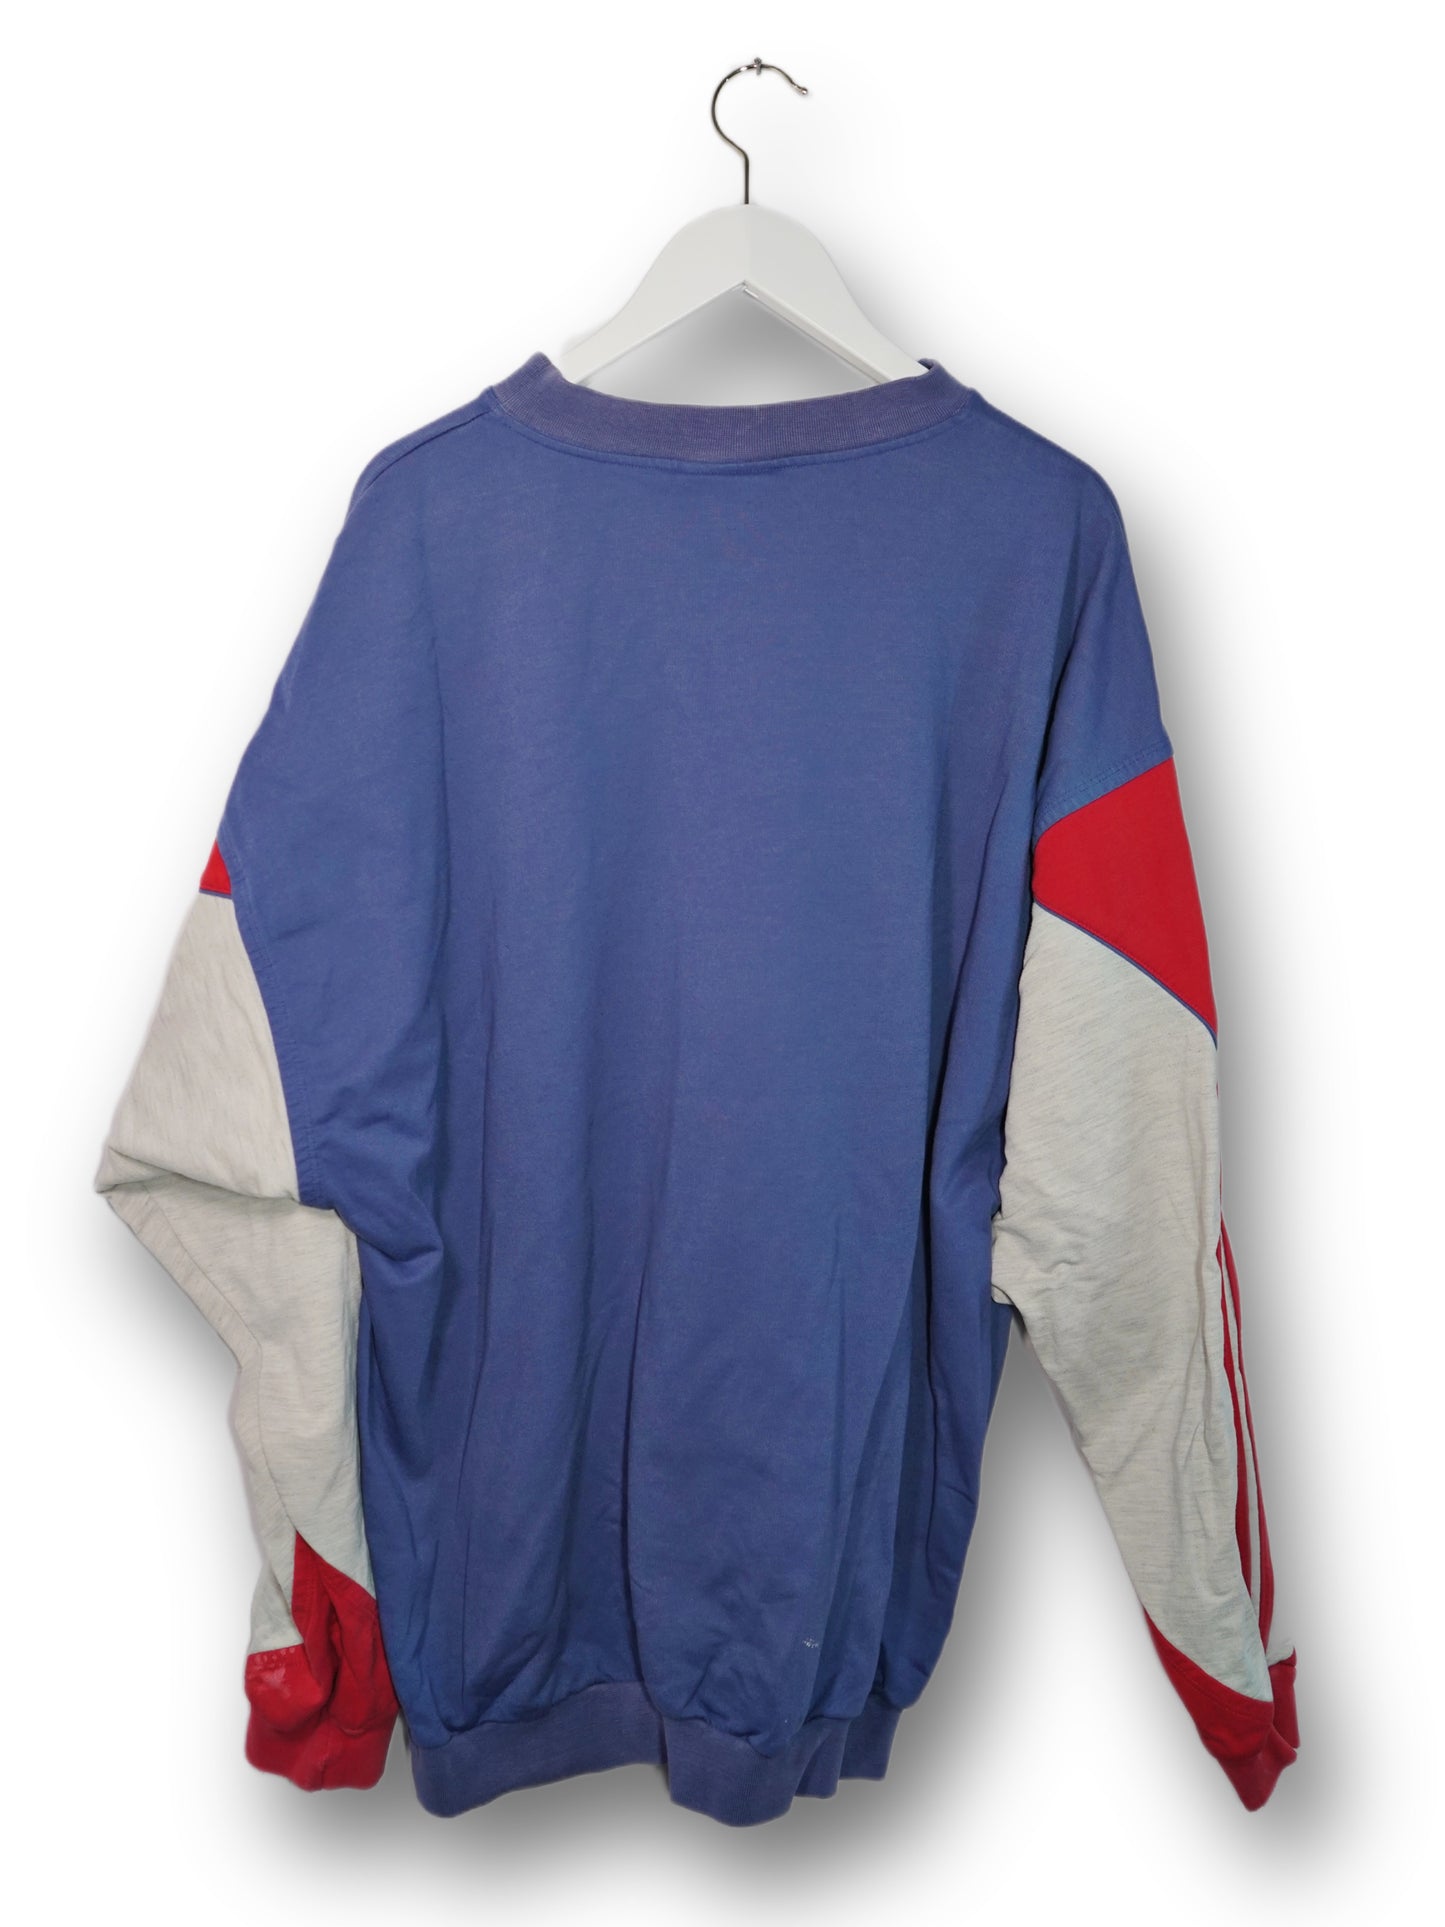 Adidas Vintage Sweater Blau Rot Grau
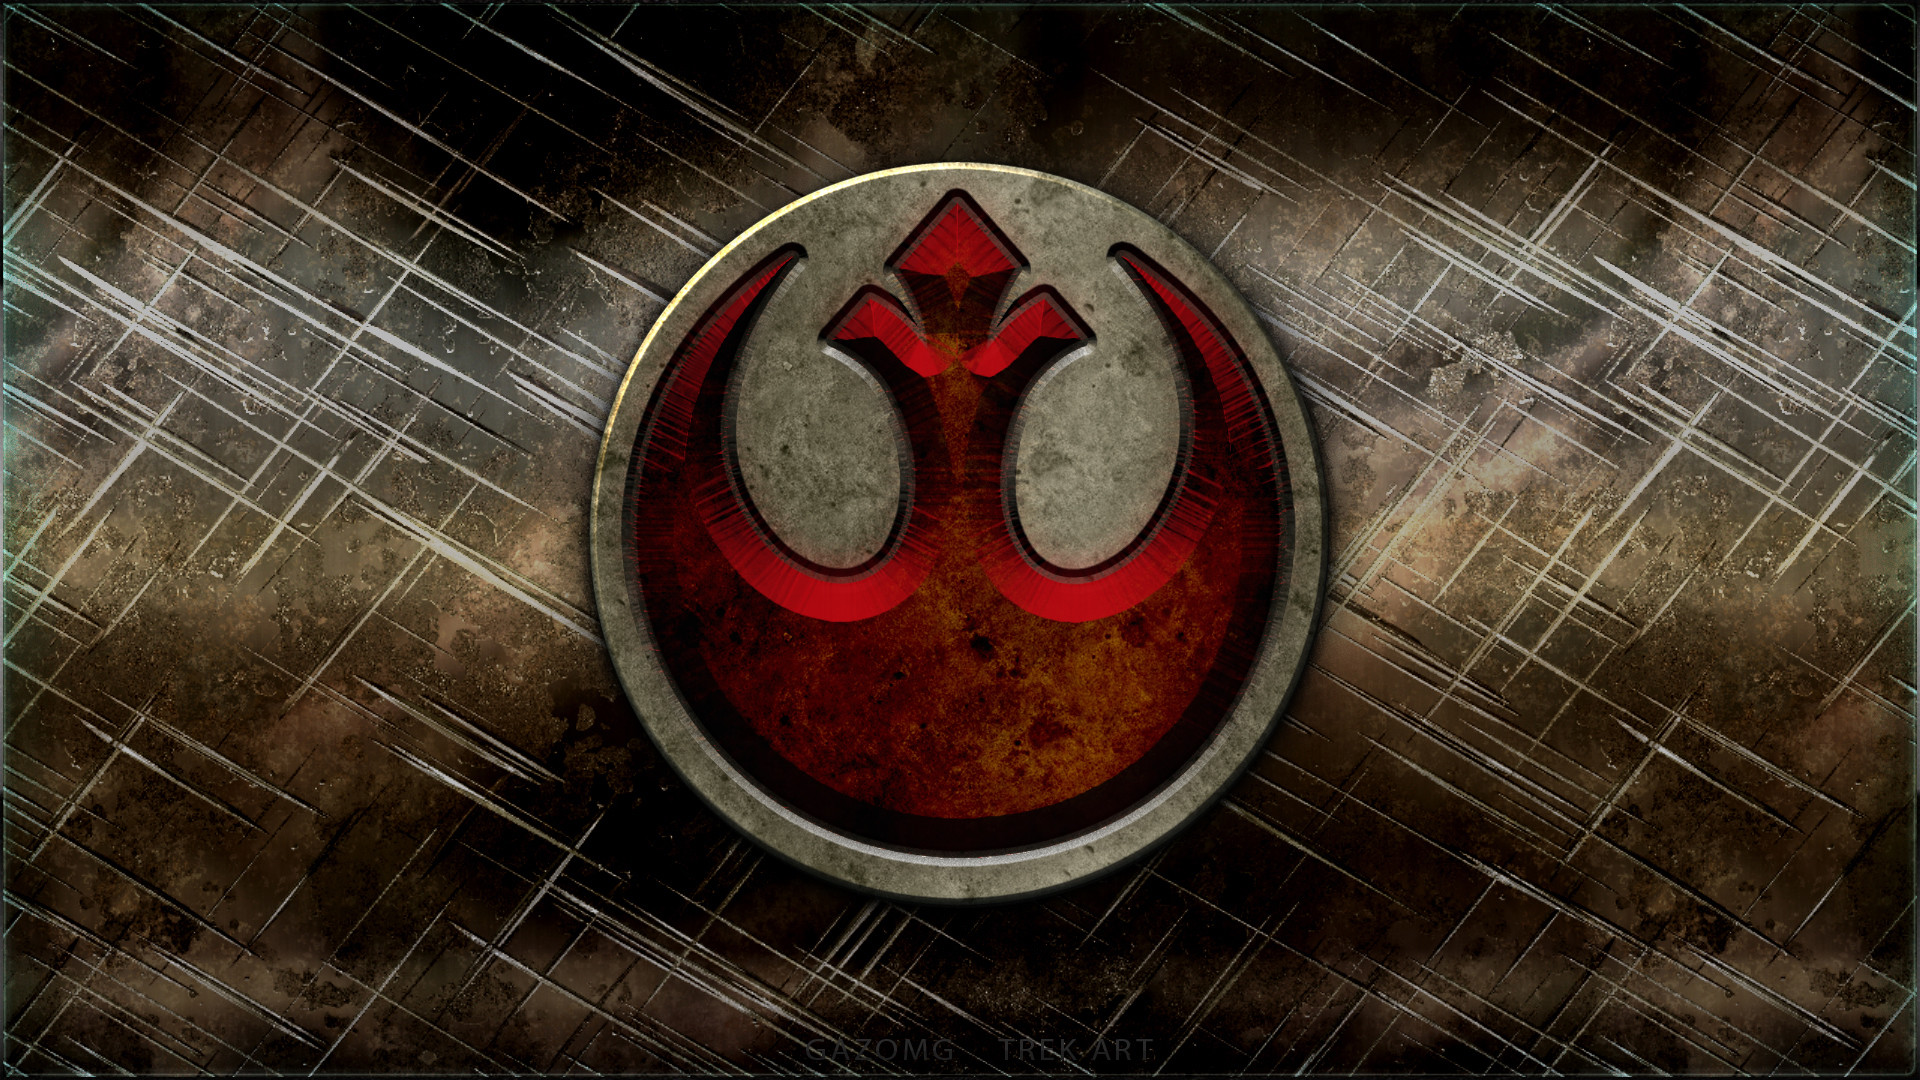 Star Wars Rebel Alliance Logo by gazomg
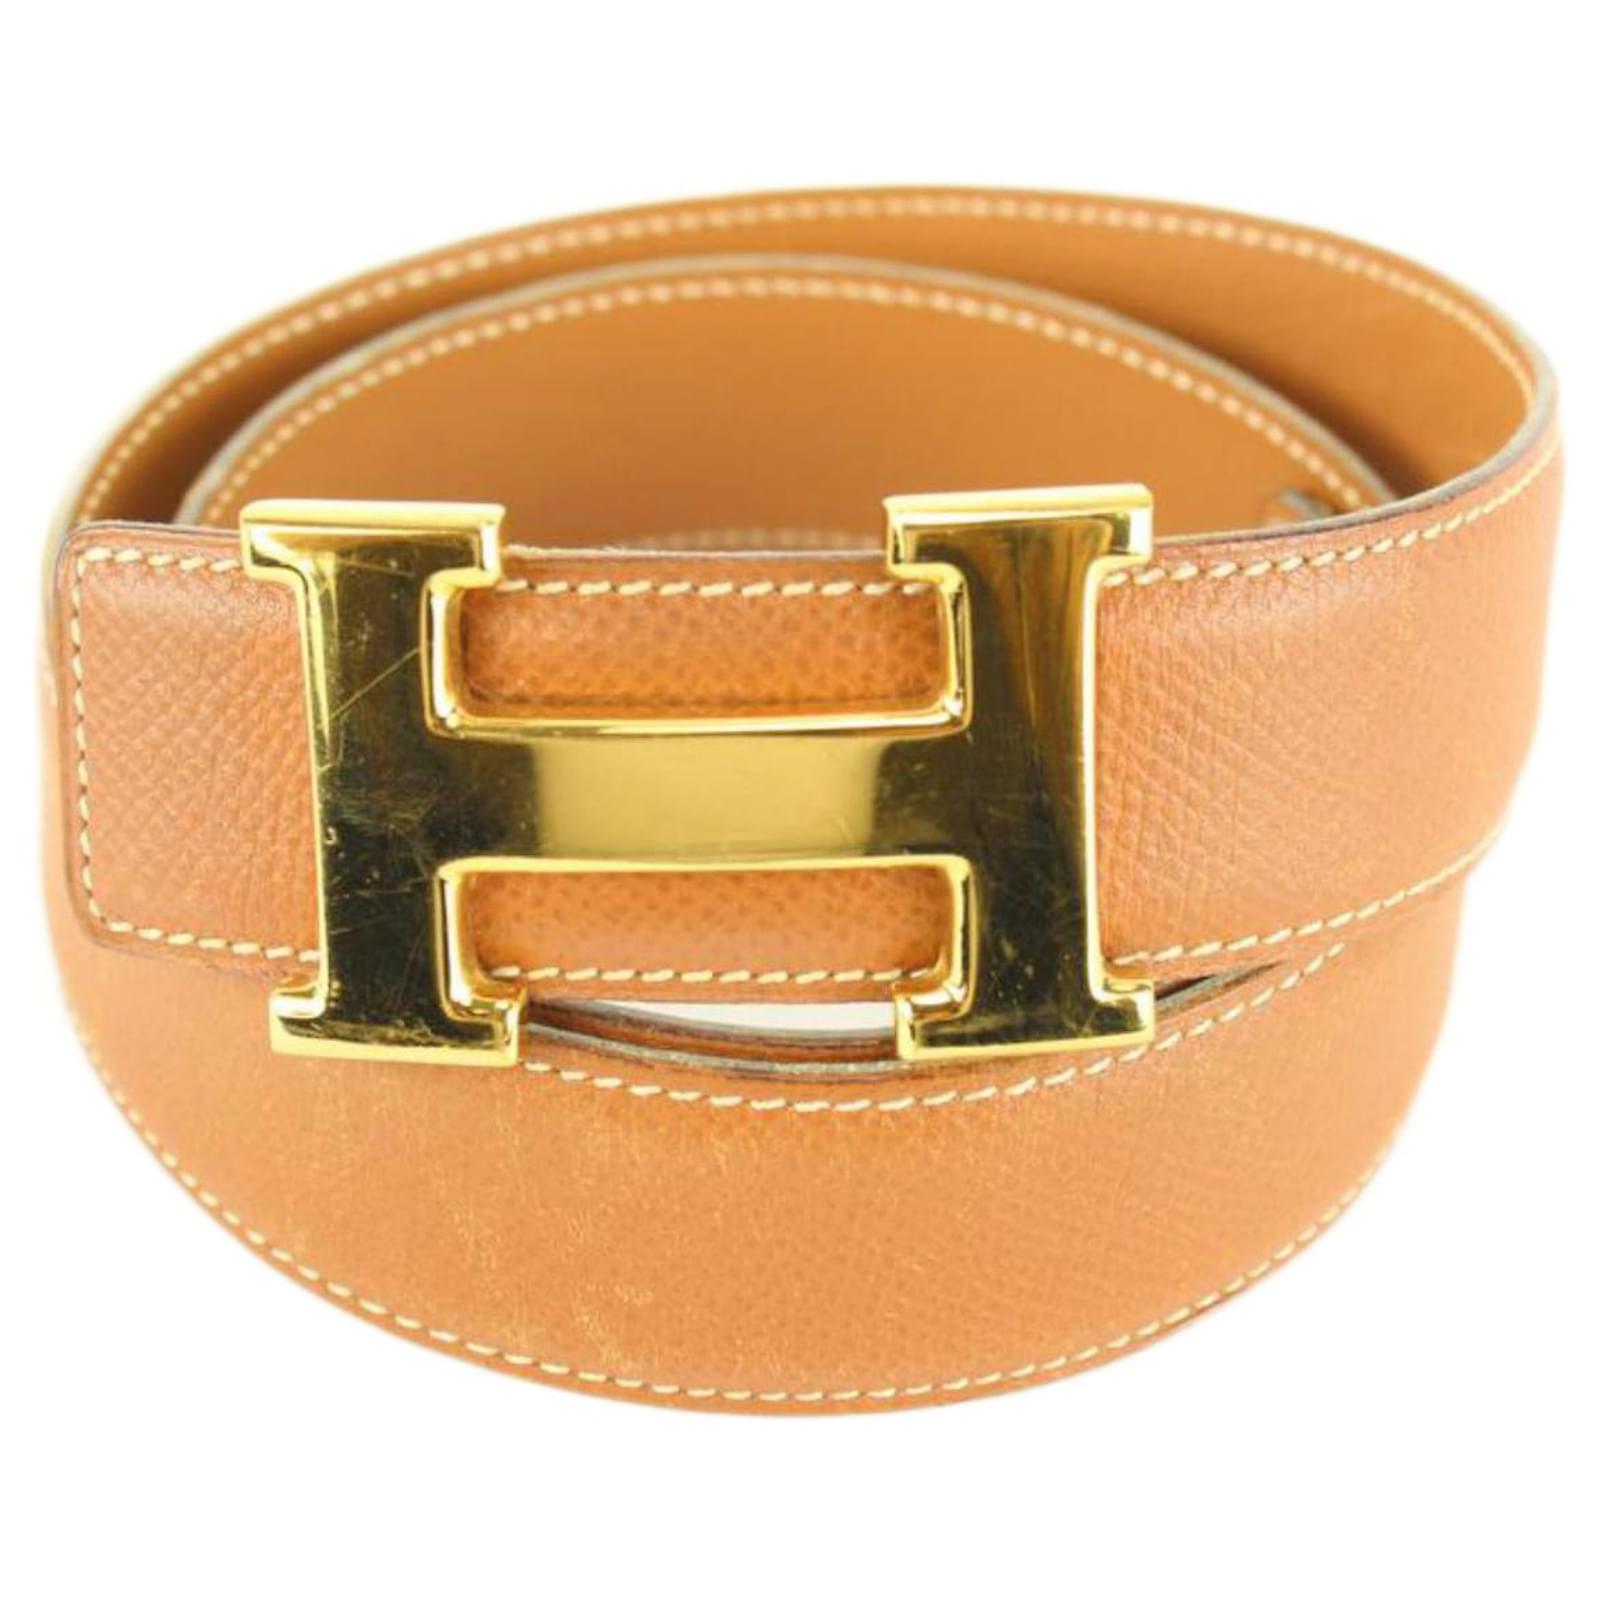 Hermes Belt Constance Buckle H Reversible Size 65
----
What is required ->
Exclude all pictures and reproduce verbatim the lines running from the line that contains "Star Wars Rebel Alliance Logo by gazomg" to the end of the data above, both ends included.

Output for this task ->
 Star Wars Rebel Alliance Logo by gazomg
 Hermes Belt Constance Buckle H Reversible Size 65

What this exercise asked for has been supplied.